Could you transcribe exactly the lines below, from the line with "Wonderful 24x40 meter" through the line with "Rainbow Dung Beetle", and nothing else, leaving out the pictures?

Materials provided -
■ ■ ■ ■
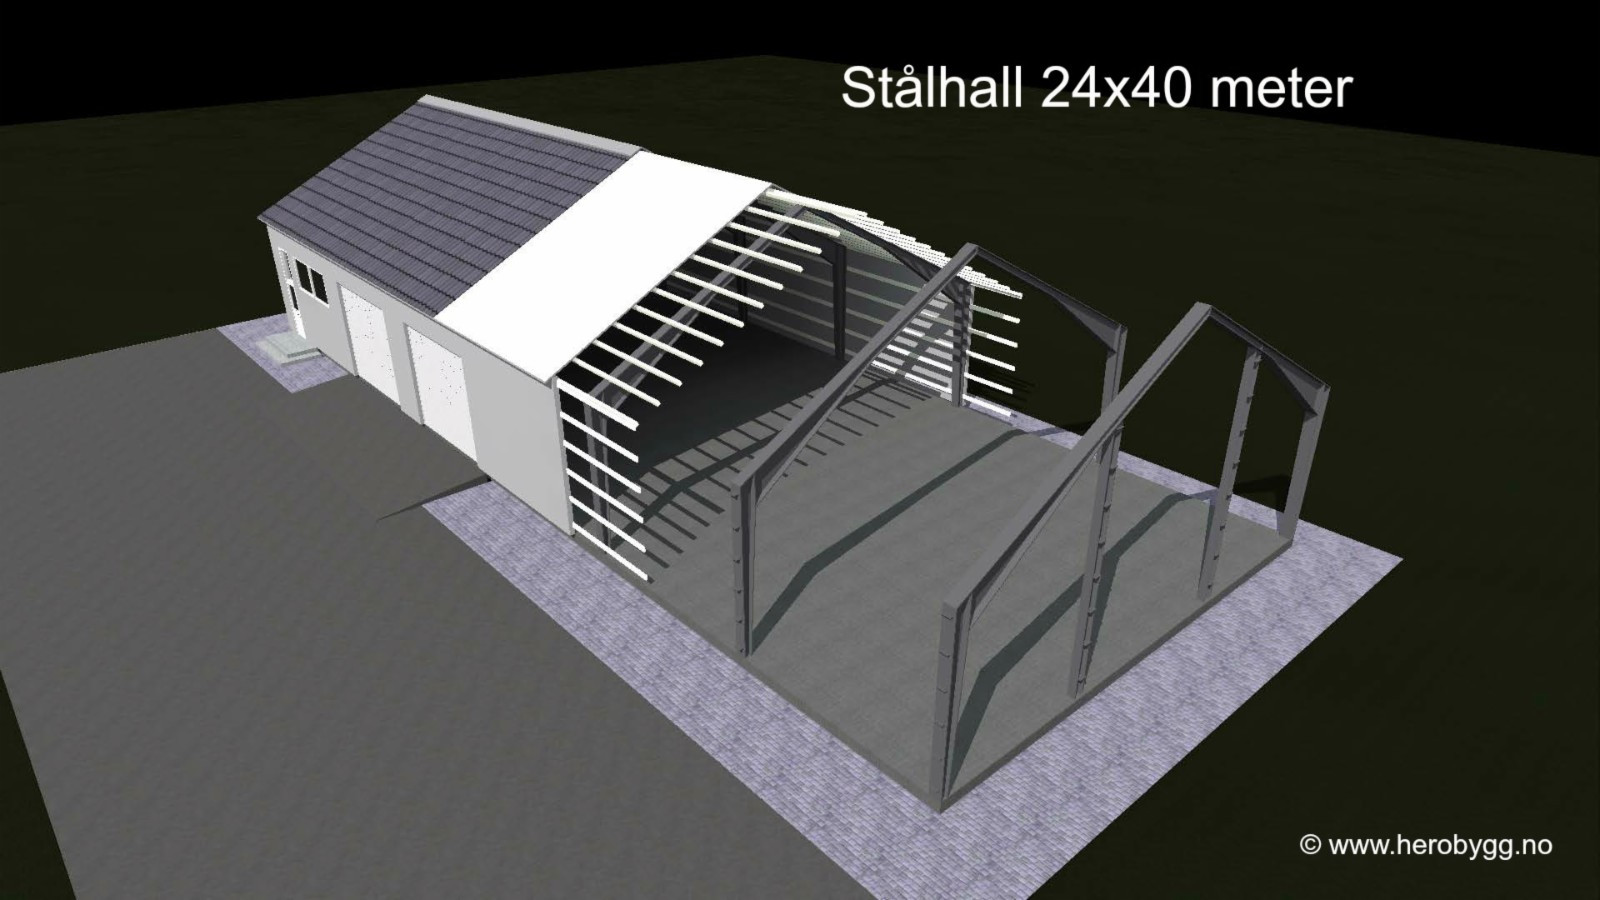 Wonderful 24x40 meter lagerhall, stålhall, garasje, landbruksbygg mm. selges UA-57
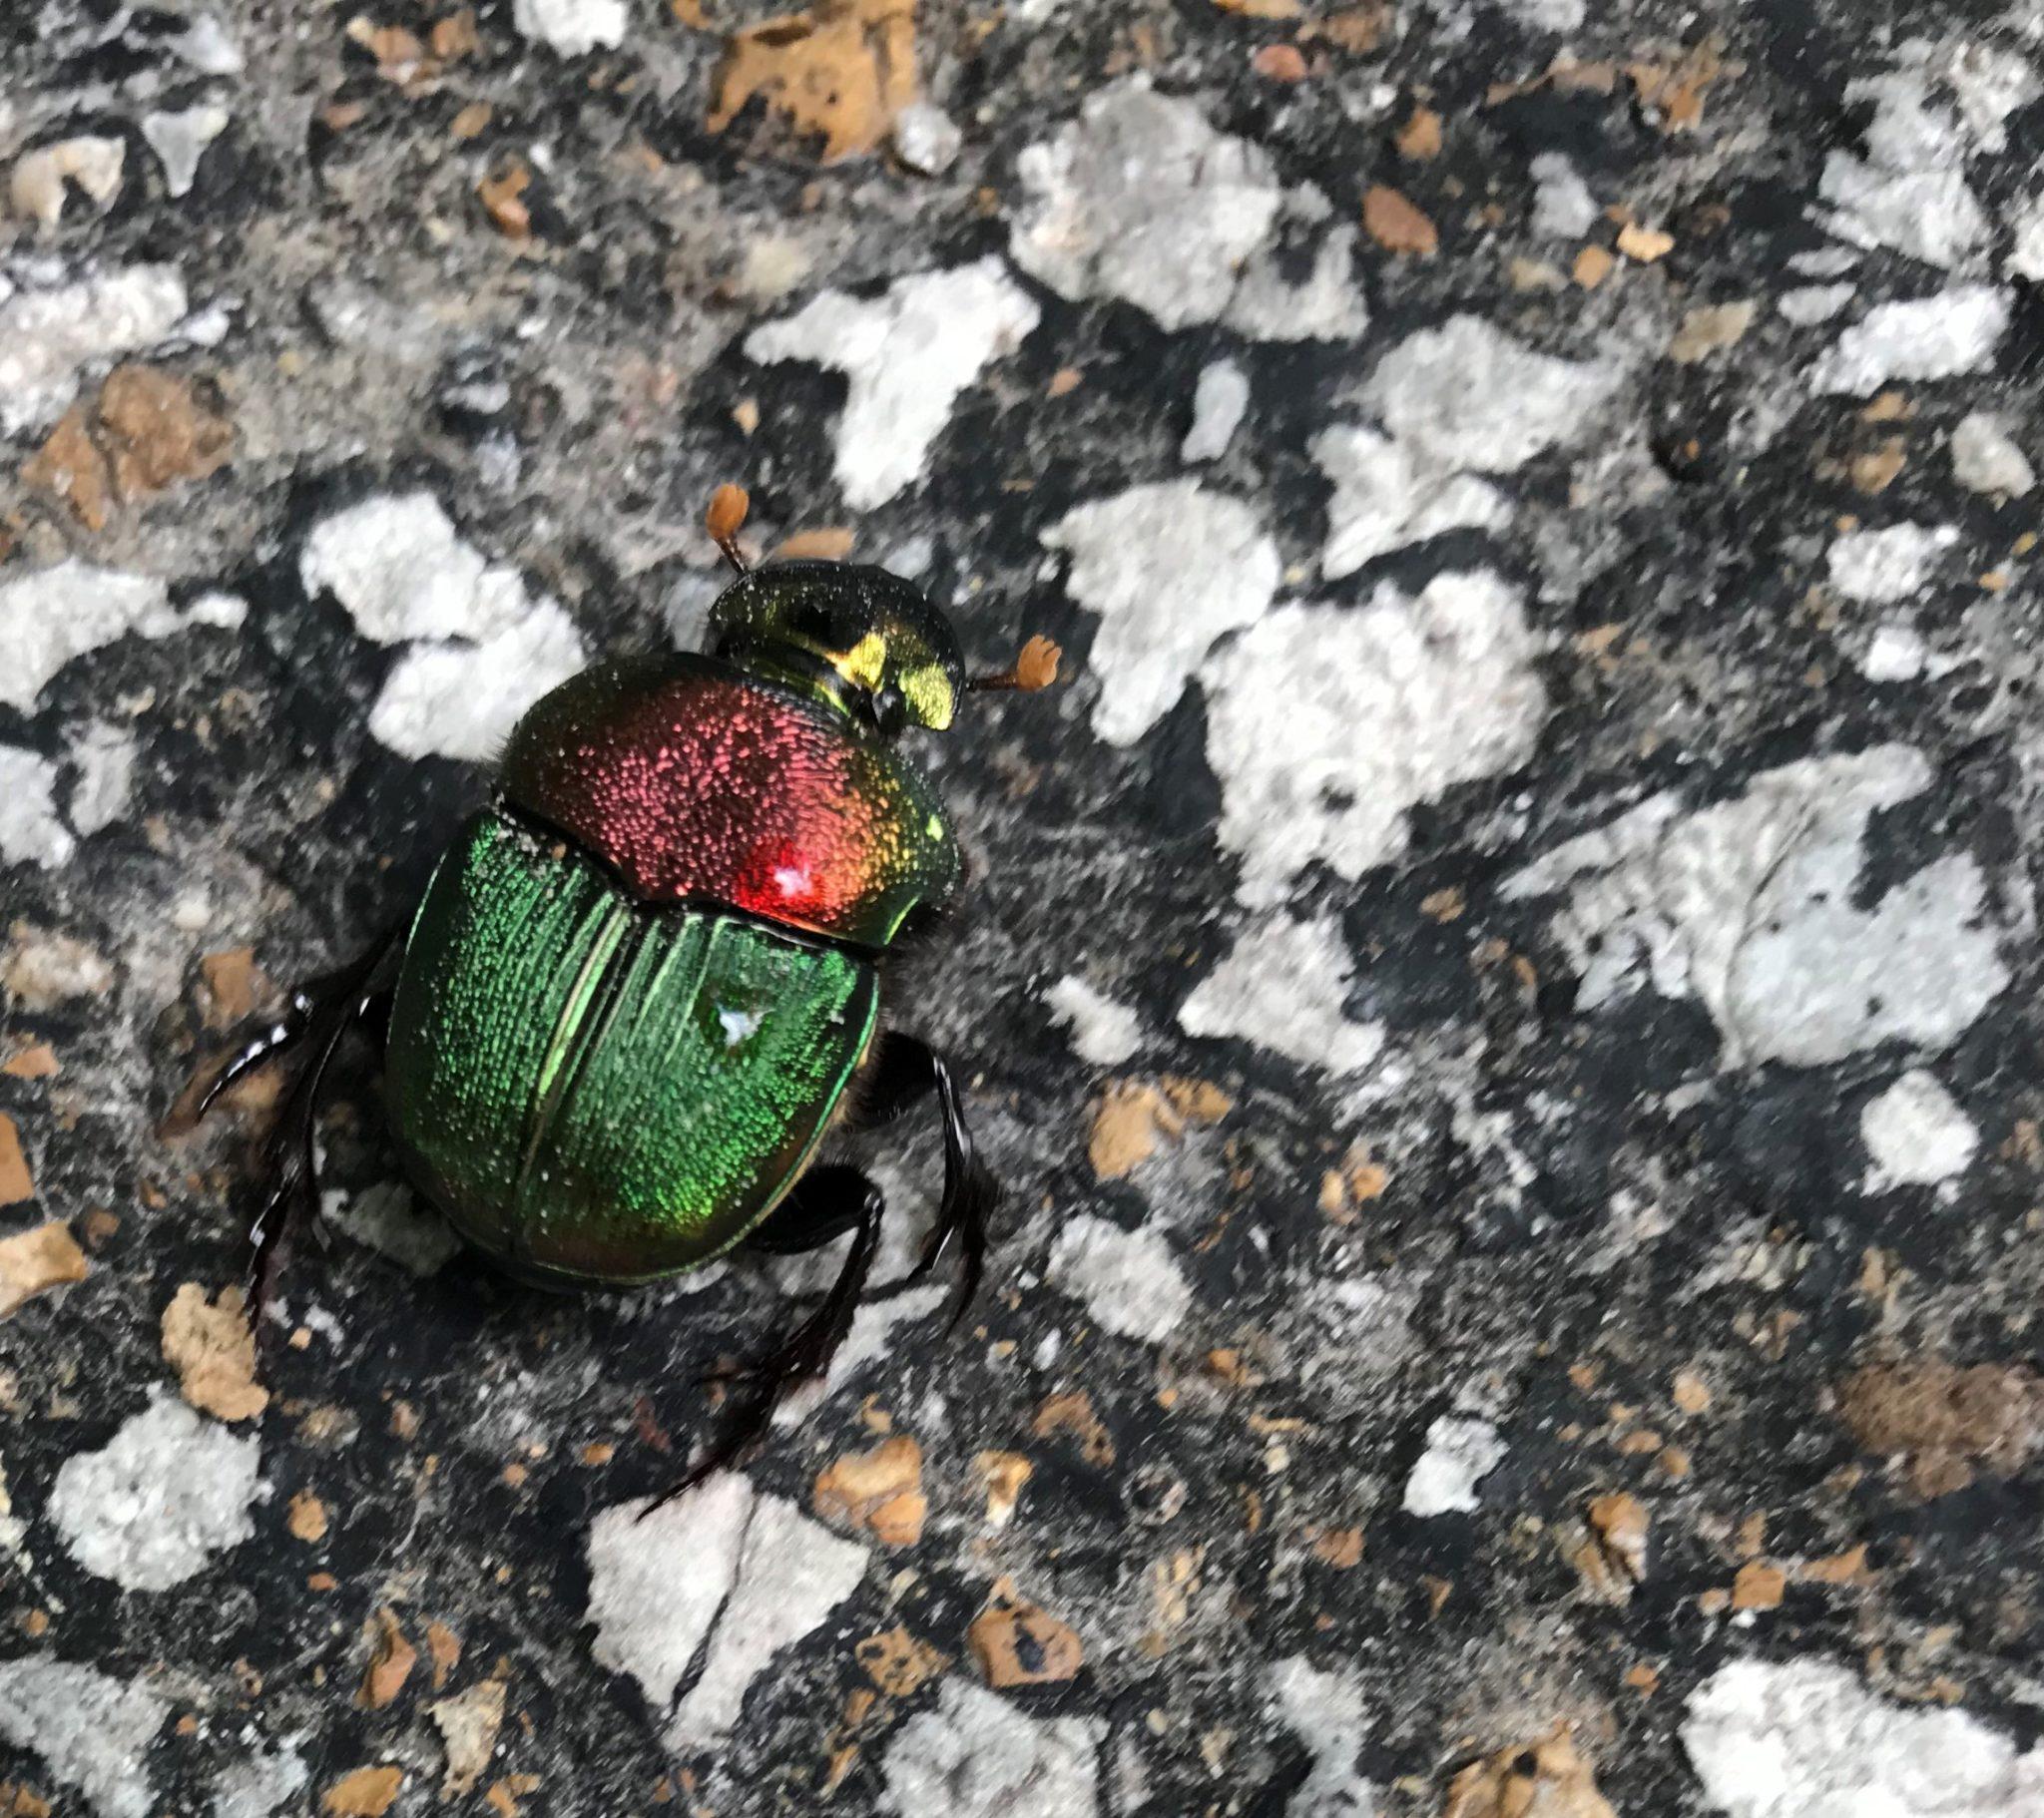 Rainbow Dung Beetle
■ ■ ■ ■
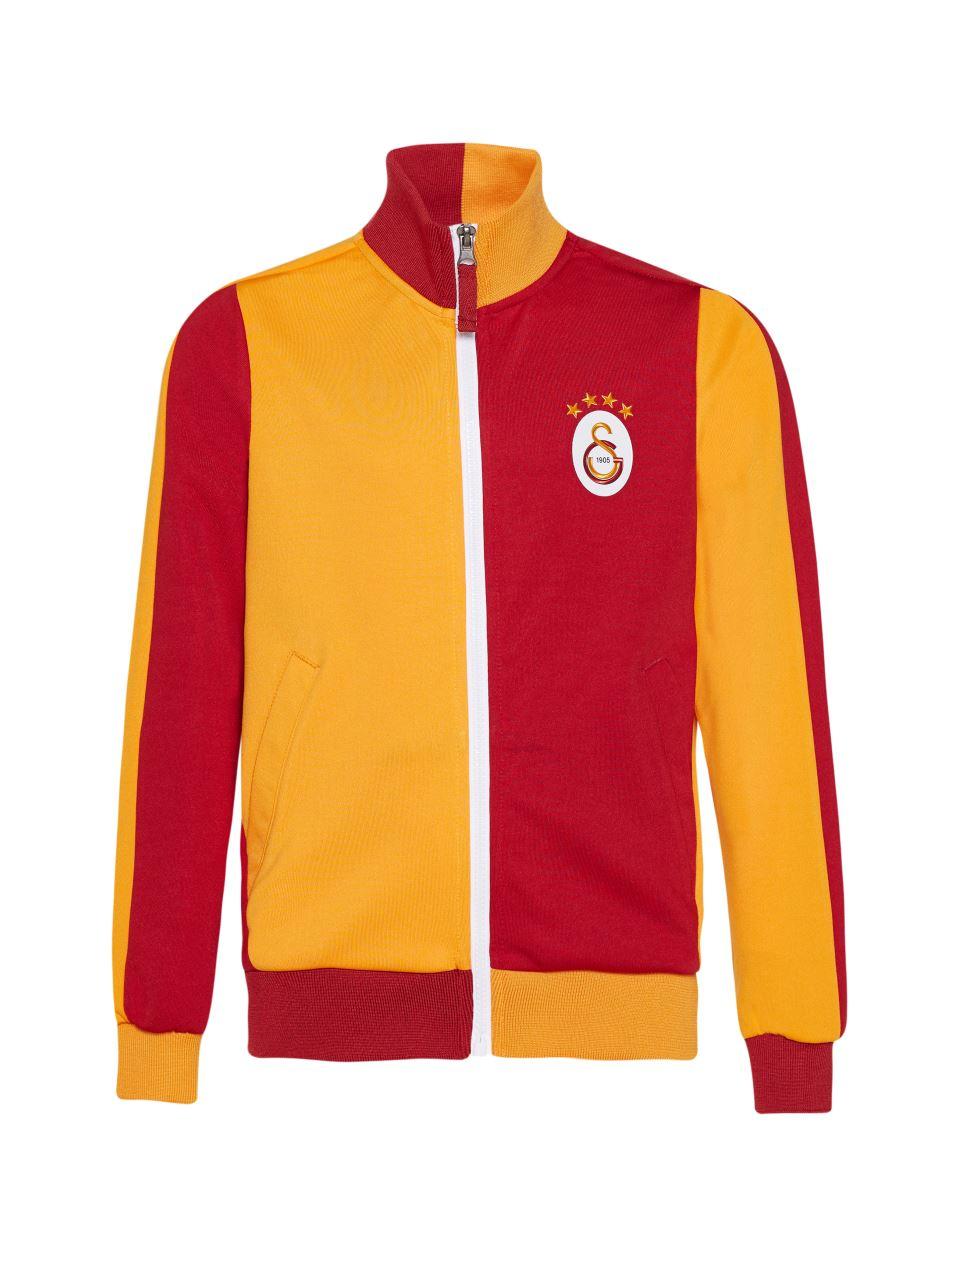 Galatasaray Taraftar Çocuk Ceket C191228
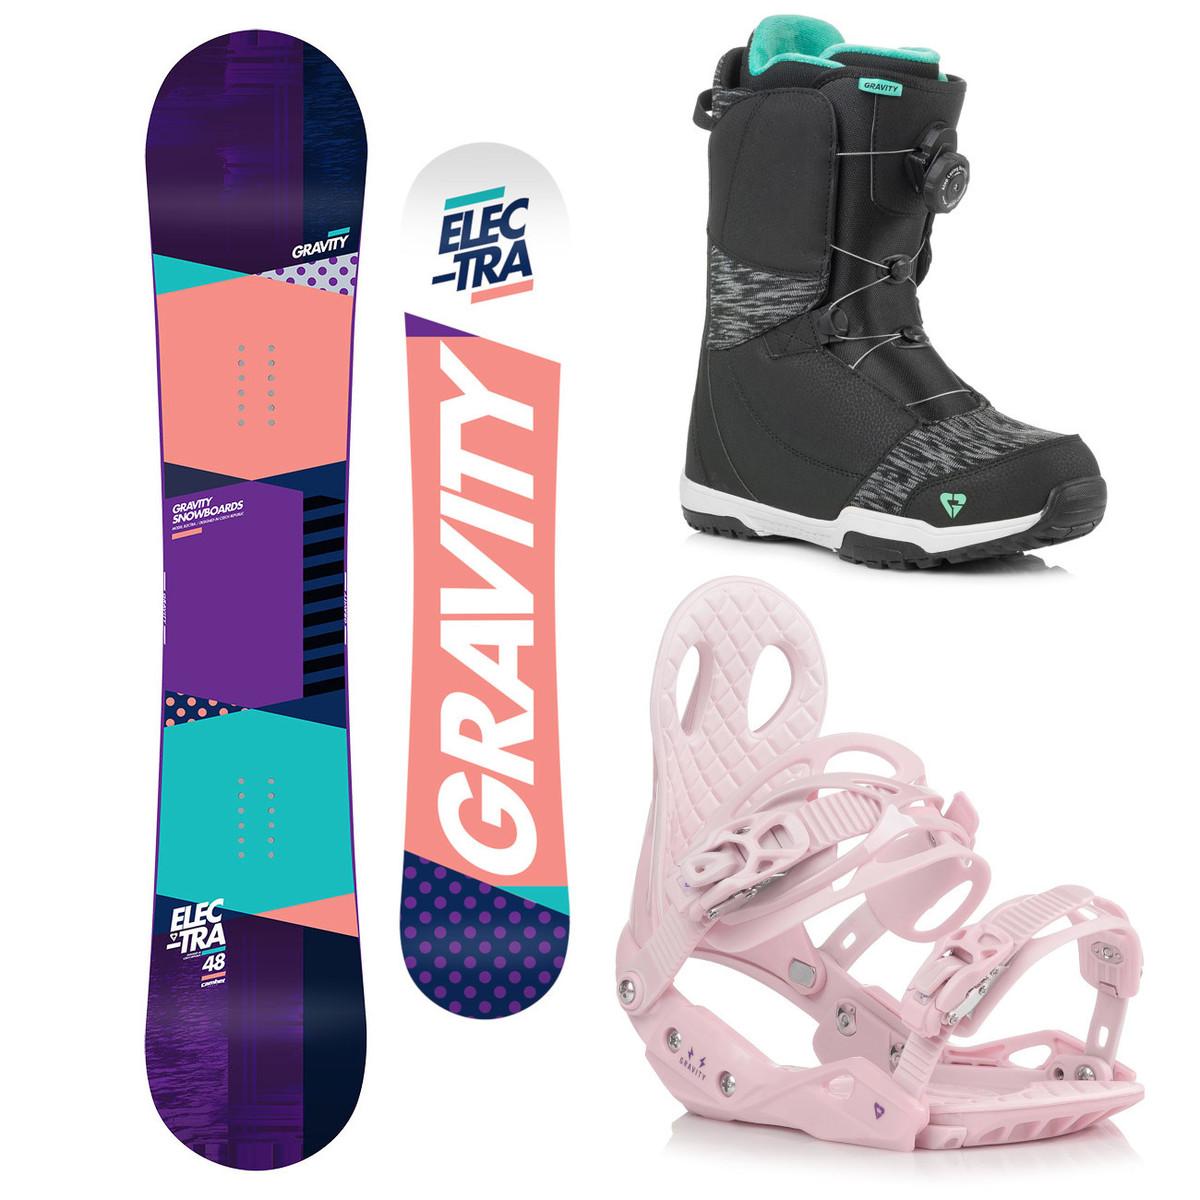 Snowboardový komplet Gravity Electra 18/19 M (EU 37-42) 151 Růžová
■ ■ ■ ■
Your response -
 Wonderful 24x40 meter lagerhall, stålhall, garasje, landbruksbygg mm. selges UA-57
 Rainbow Dung Beetle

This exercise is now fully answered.